In the previous post, we saw how to calculate the speed of sound of a mixture of ideal gases, the main assumption is that we can add the individual specific heats of the components, weighted by the mass fractions.

For mixtures of ideal gases, this is true for all mass-specific properties, including the gas constant \(R\). Hence, basic First-Law analyses can be performed quite easily.

## An example of isothermic work

The specific work required to compress an ideal gas in a closed system [1] isothermally at \(T\) from pressure \(P_1\) to \(P_2\) is [1]:

\[ w_{\mathrm{comp}} = R T \ln \frac{P_2}{P_1} \]

This is also valid for a mixture of ideal gases, provided the mixture gas constant is used:

\[ R = \frac{R_u}{M_{\mathrm{m}}} \]

where \(R_u = 8.31447\,\mathrm{kJ/kg K}\) is the *universal* gas constant and the mixture molar mass is:

\[ M_{\mathrm{m}} = \sum_{i=1}^k y_i M_i \]

summing over \(k\) components, and there \(y_i\) and \(M_i\) are the individual molar fractions and molar mass of component \(i\), respectively.

Consider exercise 13-94 from [1]: the mixture contains 85% of nitrogen gas, and the remainder is carbon dioxide. The temperature is held at 300 K and the pressure is risen from 100 kPa to 500 kPa. What is the compression work?

The following implementation is in R. We first define a function to compute the desired value based on the initial content of nitrogen:

Let’s check with the individual given value:

`print(work.N2.CO2(0.85))`

`[1] 129.1433`

Notice that this value is in kJ/kg.

Now, let’s see how this varies with nitrogen content:

`curve(work.N2.CO2,from=0,to=1)`

The more nitrogen we have, the larger the work. Why is that? Nitrogen is lighter (compare the molar masses), so with more nitrogen the mixture molar mass decreases, but that increases the gas constant and hence the specific work. The overall volume variations increase with a lighter gas, increasing the required work to increase the pressure.
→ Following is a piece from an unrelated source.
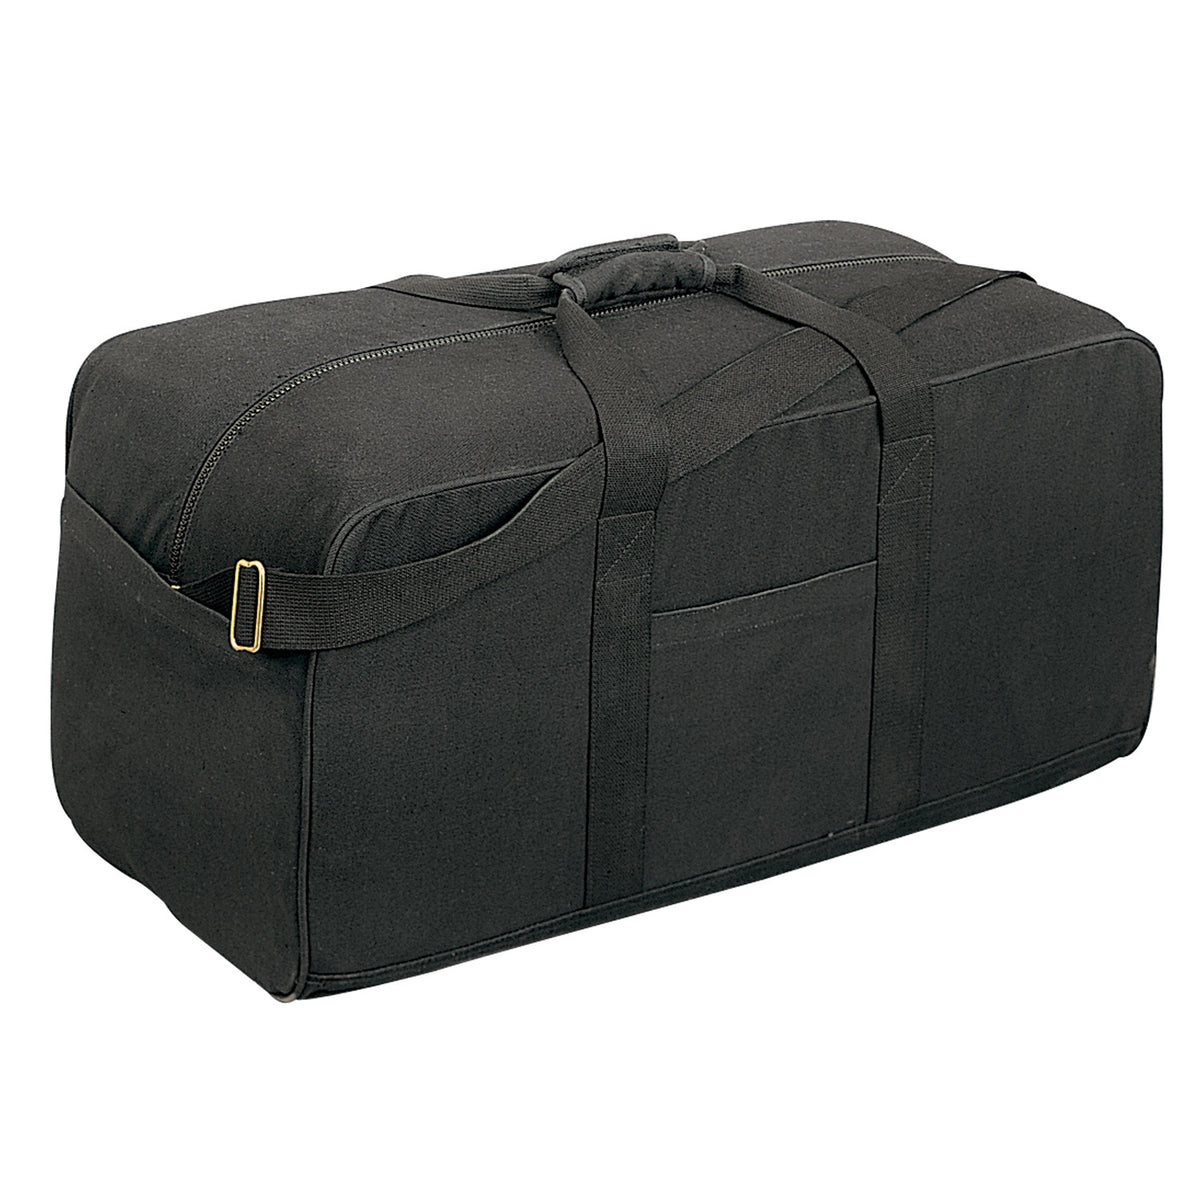 Rothco Canvas Assault Cargo Bag - Black

## An example of isentropic work

Now we examine Exercise 13-95 from [1], where are given directly the mixture molar mass of 32 kg/kmol and a specific heat ratio of 1.35; as we’ve discussed, these are obtained from weighted sums. The initial state is 100 kPa and 293 K, the final pressure 1000 kPa, and the process occurs at constant entropy. What is the work?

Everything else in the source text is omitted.